И стар, и мал, толпятся на платформе...
А рядом поезд, что пойдёт на фронт.
Там строго всё. И все в военной форме.

В том поезде, что курсом на восток —
Одни лишь бабы, малые детишки.
В другом — мужчины, чей седой висок,
С усами и безусые мальчишки.

Вагоны, каждый доверху забит:
Стоят, сидят, лежат на верхних полках...
Налёт был утром. И вокзал разбит.
В призывах и мольбах здесь мало толку.

Гудками машинист даёт сигнал,
К отправке все давно уже готовы.
Но воздух будто горьковатым стал...
Кто смел, сорвали в тамбурах засовы.

На небо все свой устремили взор —
Там, грозной тучей, "мессеры" летели.
От шума задрожал сосновый бор,
Что вдоль дороги спал под вой метели.

Железным градом бомбы понеслись,
Прямой наводкой по составам — цели.
И клубы дыма поднимались ввысь,
Бежали с криком те, кто уцелели.

Вагоны искорёжены в огне,
Колёса, рельсы — грудою металла...
За что же, Господи? По чьей вине,
В один момент, всех тех людей не стало?

Вернулись фрицы на другой залёт.
С платформы раненых несут к оврагу...
Летят осколки, всюду рваный лёд...
Сжирает пламя крыши, как бумагу.

Поодаль, девочка лет десяти,
Стоит в кофтёнке, руки под жилетом.
Не зная, делать что?

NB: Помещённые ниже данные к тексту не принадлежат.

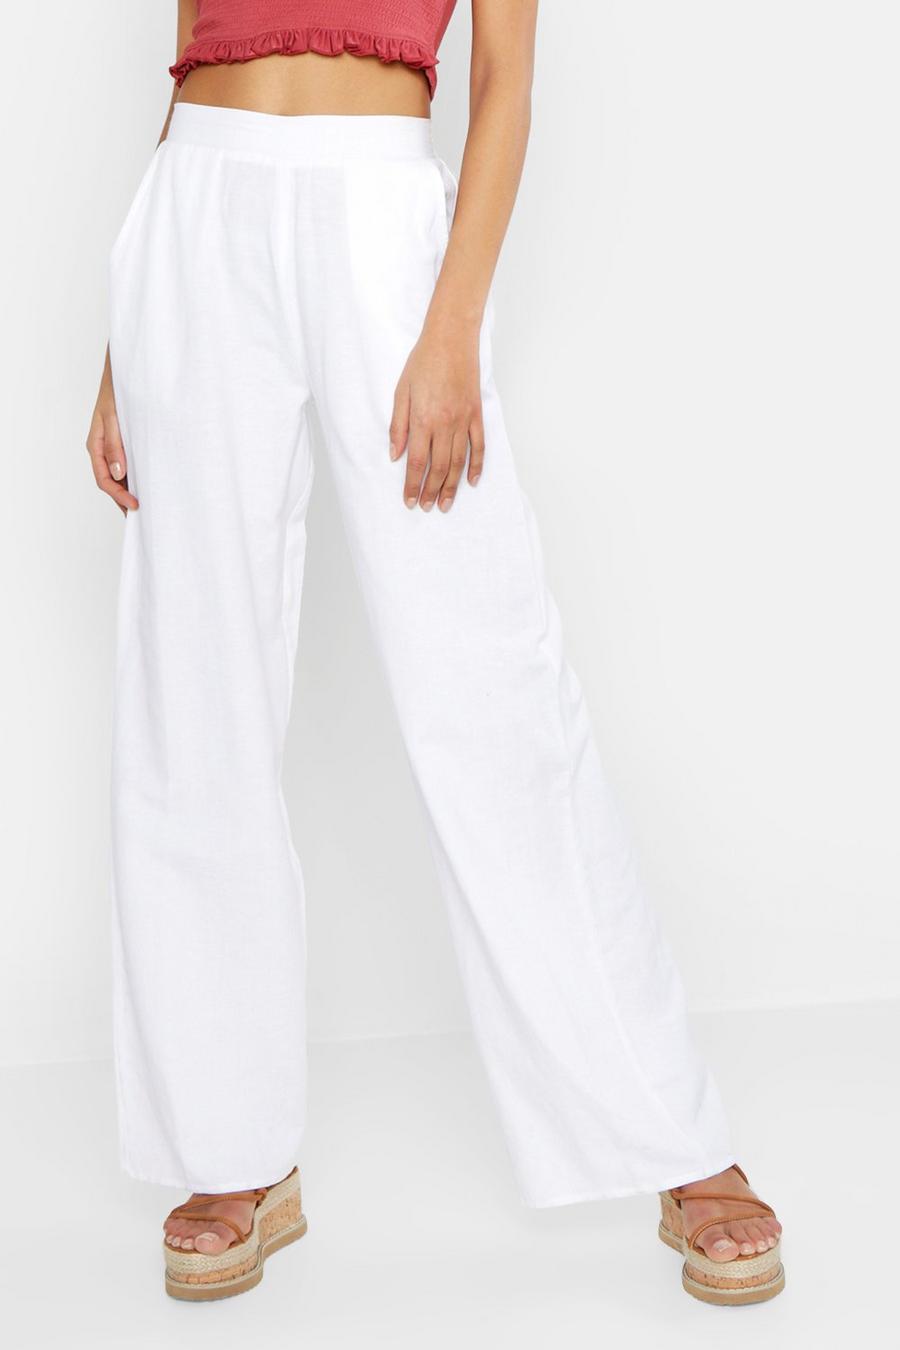 LTS Tall Women's White Linen Feel Wide Leg Trousers

Куда идти?
Семья погибла вся в вагоне этом.

Сквозь свист и взрывы, слышится: "Беги!",
Сорвались ноги по сугробам к лесу.
Кровавый след по снегу от ноги,
Но, пулей мчится, будто нет в ней веса.

Всё дальше вглубь. Так холодно в бору!
Не видно неба из-за веток елей.
Мороз крепчает. — Здесь я и умру! —
Стучит в висках. А сумерки уж сели.

Поднялся ветер. Зубы цокотят.
Сапожки до колен набиты снегом.
А лес полночный теменью объят,
Лишь ель мохнатая здесь оберегом.

Игольчатые "лапы" на снегу
На ночку эту стали ей постелью.
Клубком свернувшись, прямо, как в стогу,
Заснула девочка, без сил, под елью.

Так было холодно... и вдруг — тепло,
Как будто кто укутал одеялом.
(Был мамин взгляд последним сквозь стекло,
Когда вагон взорвался в свете алом).

Нащупав шерсть рукою за спиной,
Дыхание почуяв возле уха,
Сначала, показалось — домовой
Пришёл за ней, взвалив на ноги брюхо.

Вскочить? Бежать? Но ей тепло так здесь!
И мамин образ пред глазами милый...
И страх от ласки и тепла исчез,
И к жизни у неё вернулись силы.

Прильнула ближе к шерстяной груди,
(Как, к маминой когда-то, в светлом детстве).
Чем смерть под бомбами, (не приведи!),
Уж лучше друг лохматый по соседству.

В верхушках луч забрезжил. Рассвело.
Обняв девчоночку лежащую, волчица
Стряхнула снег, (что ночью намело),
Хвостом со спящей, словно рукавицей.

Лизнув щеку девчонке, шею, нос,
Принюхалась к ноге, залитой кровью...
В глазах волчицы что-то, в виде слёз,
Блеснуло и скатилось к изголовью.

Немного посидев, ушла в леса —
Найти б, успеть волчатам пропитанье.
А девочка, едва открыв глаза,
В обратный путь пошла...
                Воспоминанья...

Тревожит вновь из прошлого рассказ,
Его не раз от мамы я слыхала.
Ей жизнь спасла волчица в трудный час,
Когда родных и близких вдруг не стало.

             ***

Жестоким зверем был фашист-пилот,
Бомбящий всё живое у станицы.
Напротив, в ночь зимой в военный год
Любви хватило для дитя волчице.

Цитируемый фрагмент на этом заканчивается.